Weder die Interpunktion noch die Emendation no·i (v. 35) gegen no sämtlicher Hss. sind überzeugend; ich halte diese Auffassung für unzutreffend.
 
34. taulier ist nicht, wie Jeanroy, Anthologie, übersetzt, speziell échiquier, sondern ein ganz besonders eingerichteter Spieltisch von der eben geschilderten Eigenschaft. Im allgemeinen bestand der taulier aus vier Teilen (tables) für Trick-track, Schach, Dame- , Mühlespiel. (Vgl Homuth, Vom Einfluss des Lehnswesens . . . S. 258, unter „tables”.) Daher ist auch sowohl von poinz (Zabelsteinen) wie von figuras (Schachfiguren) die Rede. Über Brettspiele vgl. Schultz, Höf. Leben I, 531 ff. 34–35. „Ein Spieltisch, so beschaffen, wie ich euch sagen will”; d. h. ein Spieltisch, mit dem es seine besondere Bewandtnis hat, denn . . .
 
36. Der Vers ist Relativsatz, abhängig von negus om. Über das Fehlen des pron. relativum vgl. Schultz-Gora, Elem. B. § 200.

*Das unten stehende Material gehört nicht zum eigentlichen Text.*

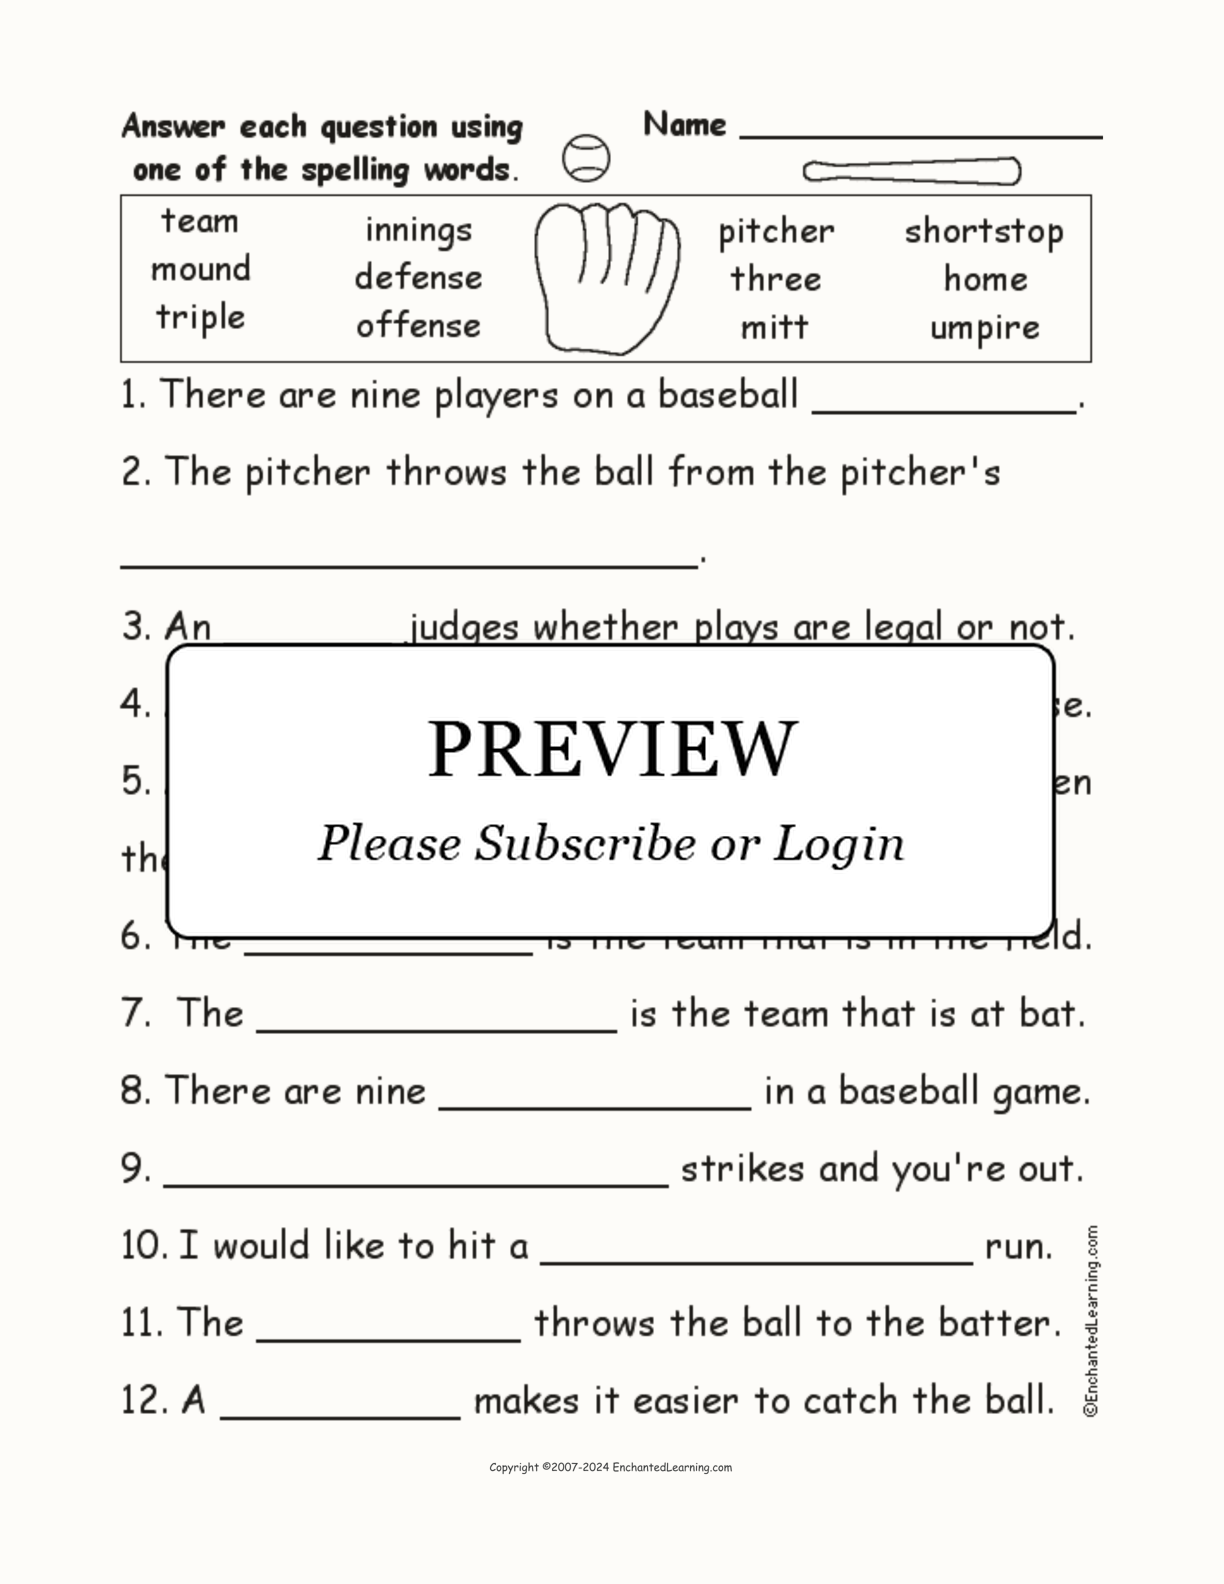 Baseball Spelling Word Questions interactive worksheet page 1

voler lese ich mit Appel und Bartsch-Koschwitz nach CER¹R² (obwohl nach dem Hss.-Verhältnis plazer als in α und ζ überliefert für besser bezeugt gelten dürfte; Dammann hat: plazer), da plazer als Reimwort bereits in v. 12 auftritt.
 
40. son joc envidat „das von ihm angebotene Spiel”; vgl. Levy SW 3, 110, Appel, Chrest., Glossar, und Bartsch-Koschwitz, Chrest, Glossar unter „envidar”.

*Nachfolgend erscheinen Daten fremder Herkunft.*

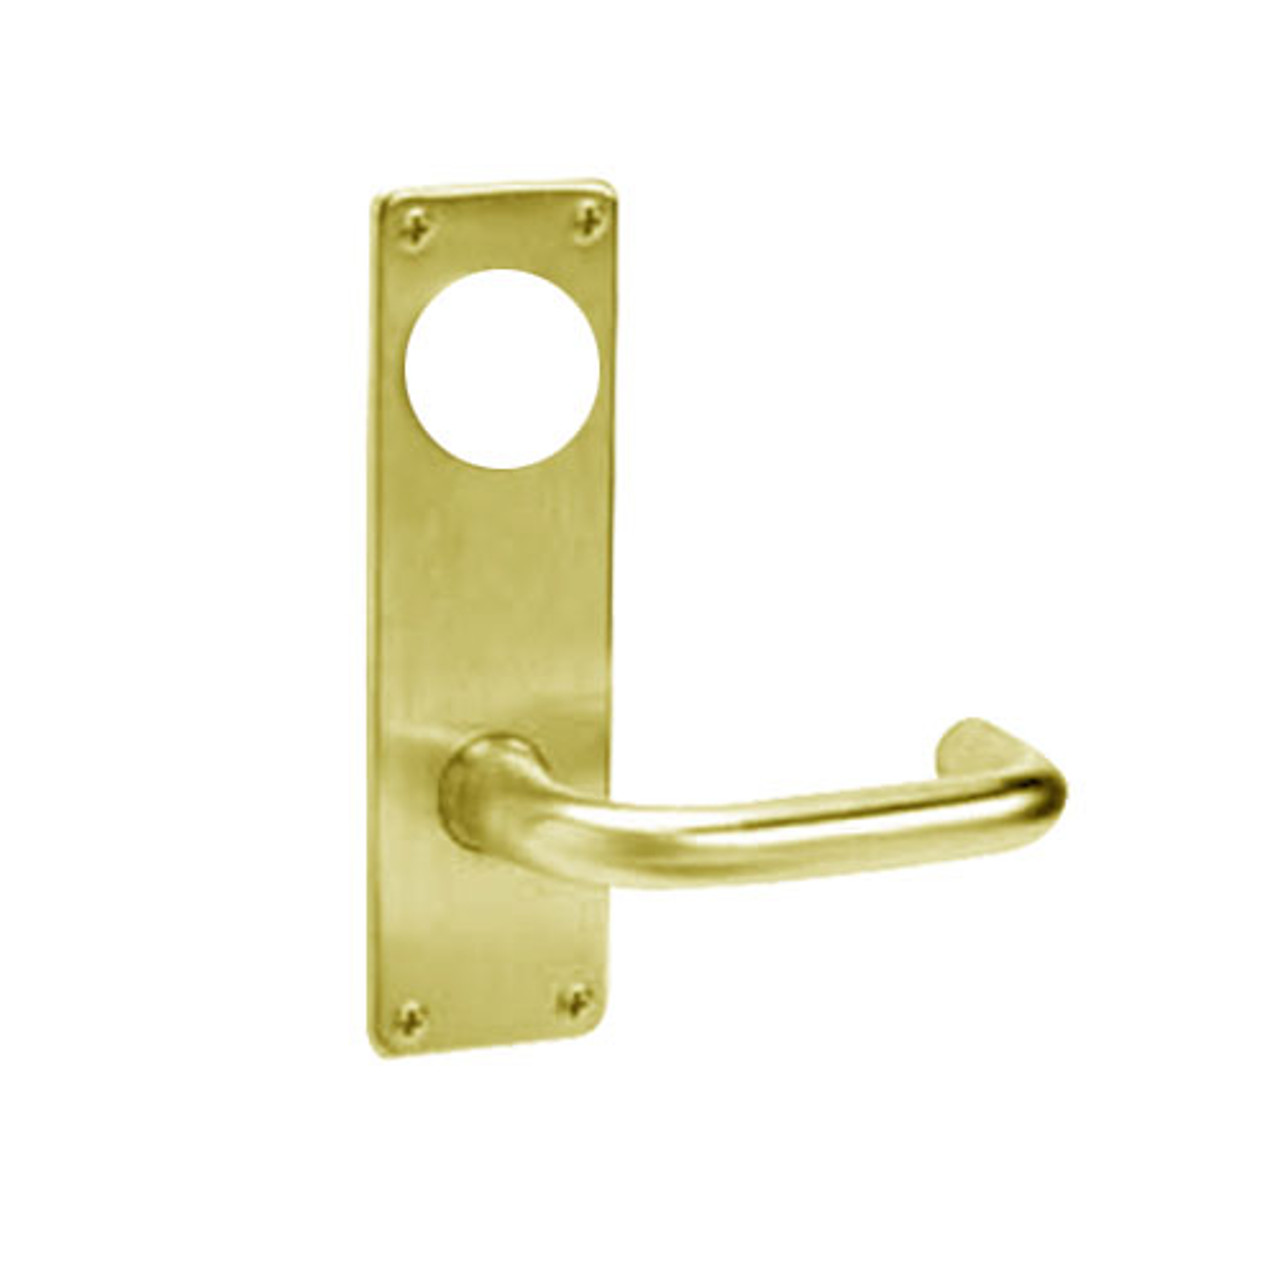 ML2065-LSN-605-M31 Corbin Russwin ML2000 Series Mortise Dormitory Trim Pack with Lustra Lever in Bright Brass

son. Das Possessivum bezieht sich auf die handelnde Person; vgl. Tobler, Verm. Beiträge II, 10; Beispiele: Noulet–Chabaneau, Deux manuscrits S. 174; Stroński, Elias Barjols S. 79; Jeanroy–Salv. de Grave, Uc de Saint-Circ S. 195.
 
46. orfres (<aurum fris(i)um <aurum Phrygium). Levy, der SW 3, 597 diese Stelle zitiert, bemerkt dazu, daß fres hier offenbar nicht wie gewöhnlich „Besatz, Borte”, sondern, wie auch bei Peire Cardenal, Gr. 335, 70, Cobla 5 (M. W. II, 200), einen Stoff bedeutet.
 
48. assemblat lese ich (wie Dammann, Appel, Bartsch-Koschwitz) mit ACOR¹R²a¹a² gegen aflamat DIK, alumnat E, als bestbezeugte Lesart. Schultz-Gora (Lit. Bl. 13 [1892], S. 381) bezweifelt die Richtigkeit dieser Lesung; er meint, „de que son assemblat” = „wovon sie geformt werden” habe, da eben gesagt sei: „naisson d’un foc”, große Ähnlichkeit mit Tautologie; er zieht die Lesart von Bartsch, Chrest, vor, der nach DI liest: aflamat = von dem sie durchglüht werden. Da Bartsch den Text nur nach CDEI bearbeitete, hat er natürlich diese durch zwei von vier Hss. bezeugte Lesart gewählt; bei Berücksichtigung aller Hss. erweist sich dagegen assemblat als einwandfrei richtig. Die Bedeutung von assemblat ist nicht ganz klar. Ich verstehe mit Appel: „wodurch sie ähnlich gemacht werden”, d. h.: da alle mit der Liebe zusammenhängenden Empfindungen und Gefühle aus einem Feuer entstehen, sind sie alle gleicher Natur, alle feurig. (Ich betone also un foc = ein einziges Feuer). Vgl. dagegen die Auffassung von Dammann (S. 84): „und ihre ganze Verwandtschaft entsteht aus einem Feuer, von dem sie geformt wird”, die mich ebensowenig überzeugt wie Bartsch-Koschwitz: assemblar = „faire rassembler (?)”; Jeanroy, Anthologie, läßt die Stelle leider unübersetzt.
 
52. ·N Guillem lo marques ist Markgraf Wilhelm VIII. von Montpellier (1172–1202). Dammann gibt als Todesjahr fälschlich – nach Diez? – 1204 an, worauf Keller, Fadet joglar S. 45, Anm. 2, aufmerksam macht; s. Einleitung.
 
53. fai l’auzir. Appel schreibt fa·il auzir und setzt einen hypothetischen Imperativ fa an, den er aber mit Fragezeichen versieht (Chrest. S. XXVII); das Pronomen muß aber doch im Akkusativ stehen – abhängig von faire: laß ihn hören –, wodurch sich zwanglos fai l’auzir, die regelmäßige Form, ergibt.
 
54. Der Vers ist von auzir abhängiger Objektsatz. Jeanroys (Anthologie) Interpretation: „qu’il l’écoute de bon gré, car en lui sont . . .” halte ich für nicht zutreffend.